UK: Harry: Royal Family has pact of silence with the tabloids

Prince Harry (38) has accused his family of deliberately keeping silent about wiretapping allegations against British tabloid media and of having left him in the dark about it.

UK: Harry: Royal Family has pact of silence with the tabloids

Prince Harry (38) has accused his family of deliberately keeping silent about wiretapping allegations against British tabloid media and of having left him in the dark about it. "The institution undoubtedly withheld information from me about the NGN phone tapping for a long time," the Guardian newspaper quoted court documents as saying on Wednesday.

The younger son of King Charles III. and other celebrities are suing the publisher Associated Newspapers ("Daily Mail"). The allegations against the publisher News Group Newspapers (NGN) of the US-Australian media mogul Rupert Murdoch, which sells the tabloid "Sun", among other things, were also discussed.

"There was an agreement between the institution and NGN that we would not address or even discuss the possibility of making claims against NGN until the litigation against them relating to phone tapping is resolved," it said it further in Harry's written statements. "The institution has made it clear that we do not need to know anything about phone hacking and it has been made clear to me that the royal family will not sit on the witness stand because it could open Pandora's box." By "institution" is meant the royal family.

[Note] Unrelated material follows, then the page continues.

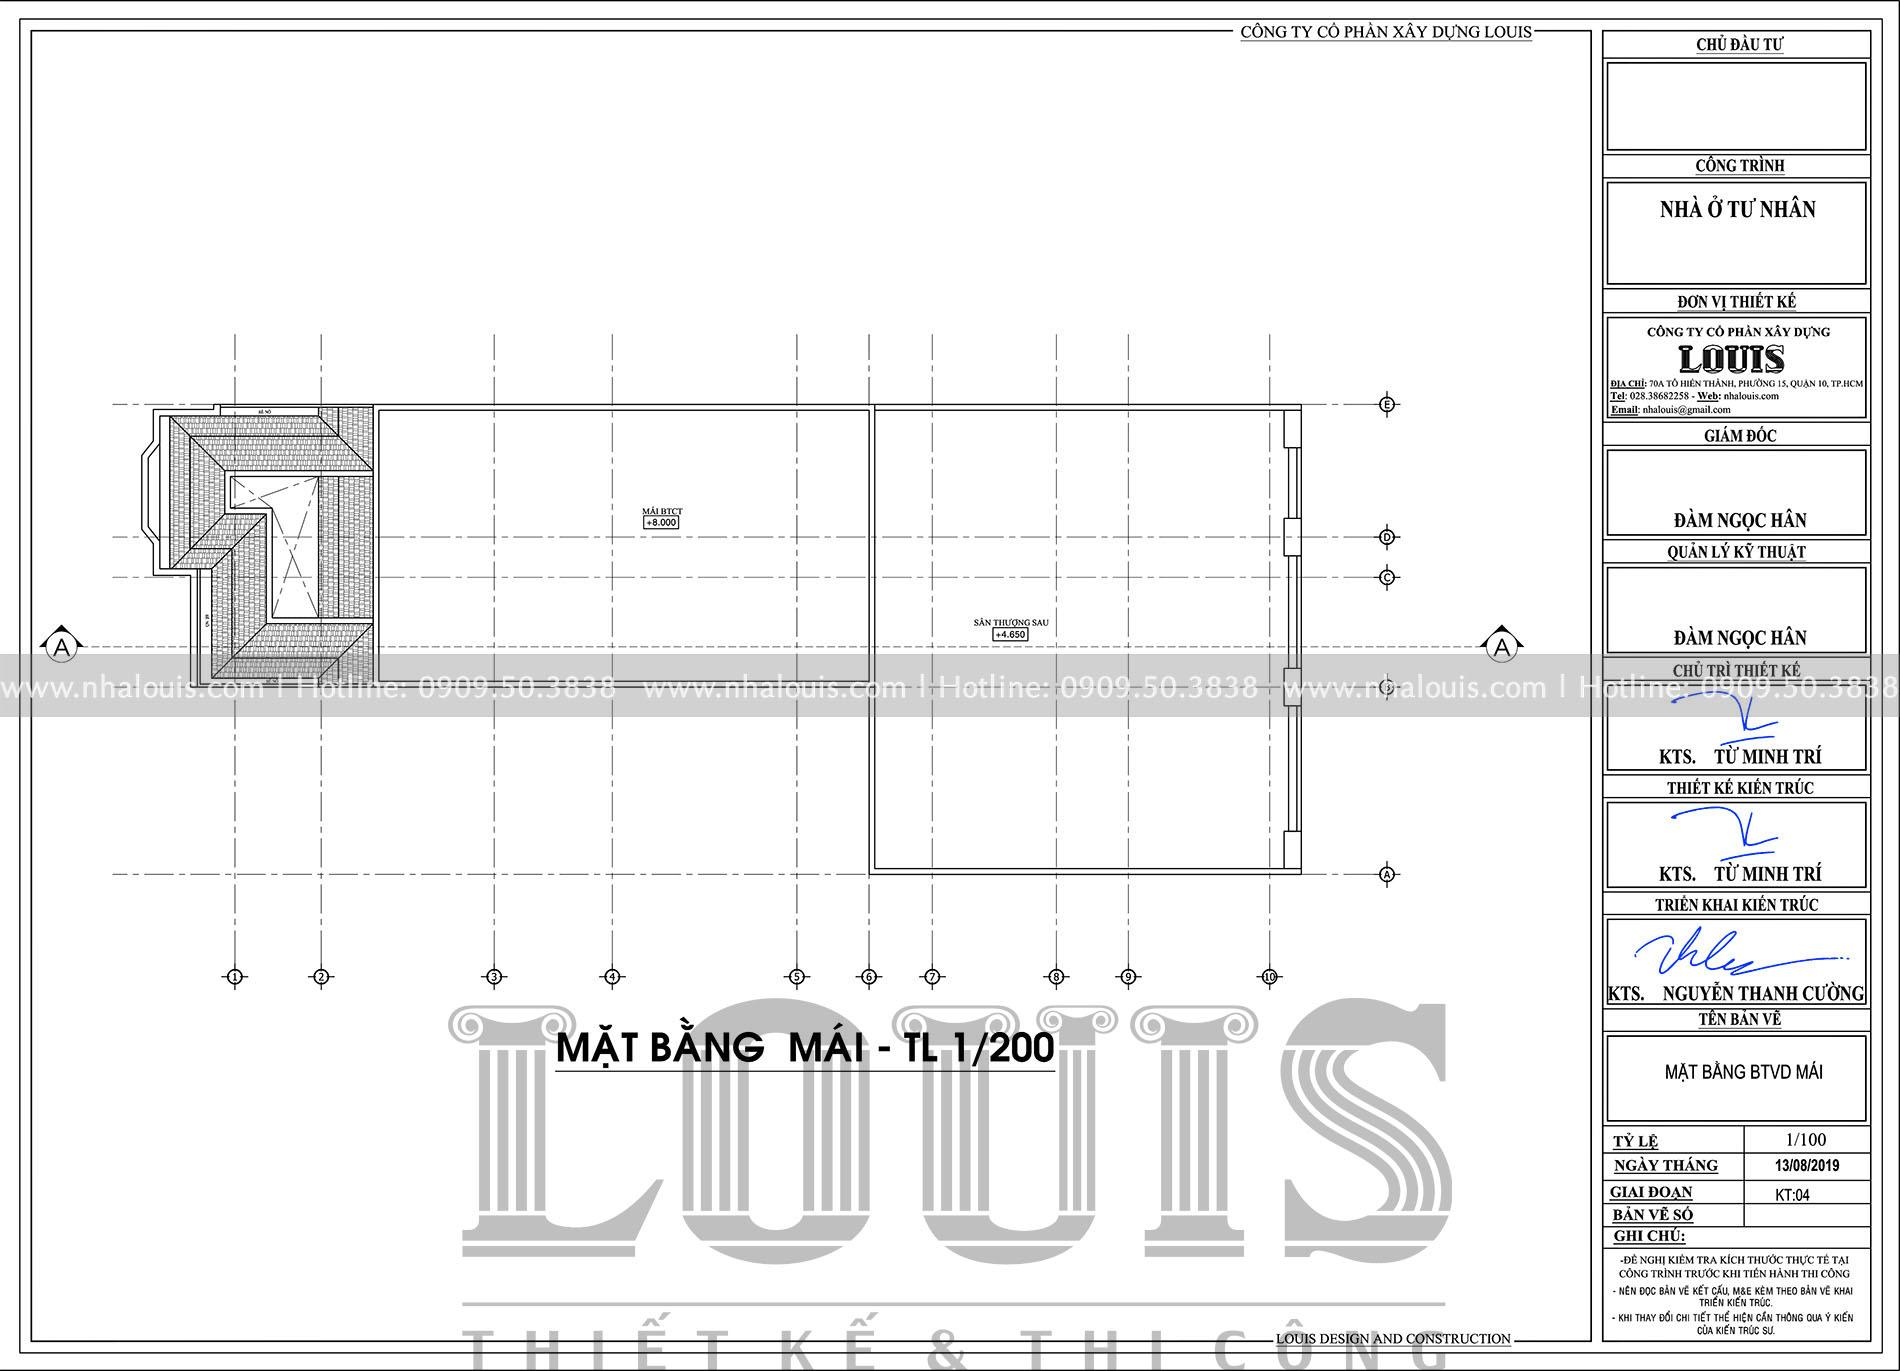 """""""Biệt thự siêu bàn tiệc"""" đẳng cấp với thiết kế gây bất ngờ tại Tây Ninh"""
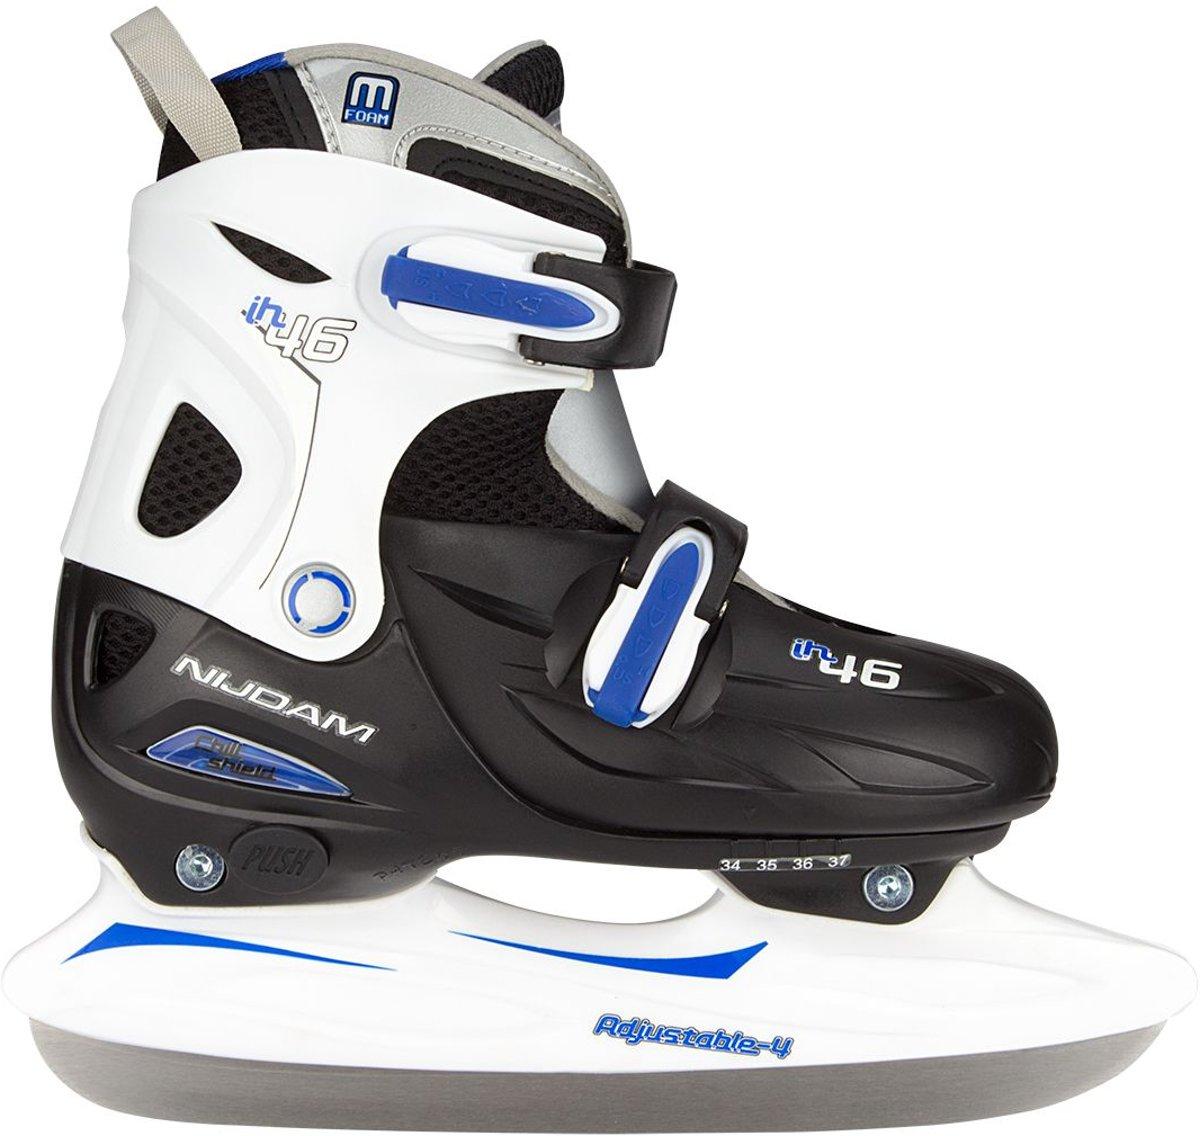 Nijdam Junior IJshockeyschaats Junior Verstelbaar - Hardboot - Zwart/Zilver/Blauw - 30-33

Harry and pop star Elton John, his husband David Furnish and others accuse Associated Newspapers of bugging them for years. The publisher emphatically rejects this. There has been a hearing in London since Monday, to which Harry appeared in person. The Duke of Sussex has repeatedly expressed his contempt for the tabloid media, which he blames, among other things, for the accidental death of his mother Princess Diana in 1997.

"I am bringing this lawsuit because I love my country and remain deeply concerned by the Associated's uncontrolled power, influence and criminal activity," Harry testified. "The evidence I have seen shows that the Associated journalists are criminals with journalistic credentials who should be of concern to every one of us. The British public deserves to know the full extent of this cover-up and I see it as so my duty to disclose this." The reports in the "Daily Mail" and the "Mail on Sunday" about his private life caused him great grief and paranoia as a young man, Harry's statement said.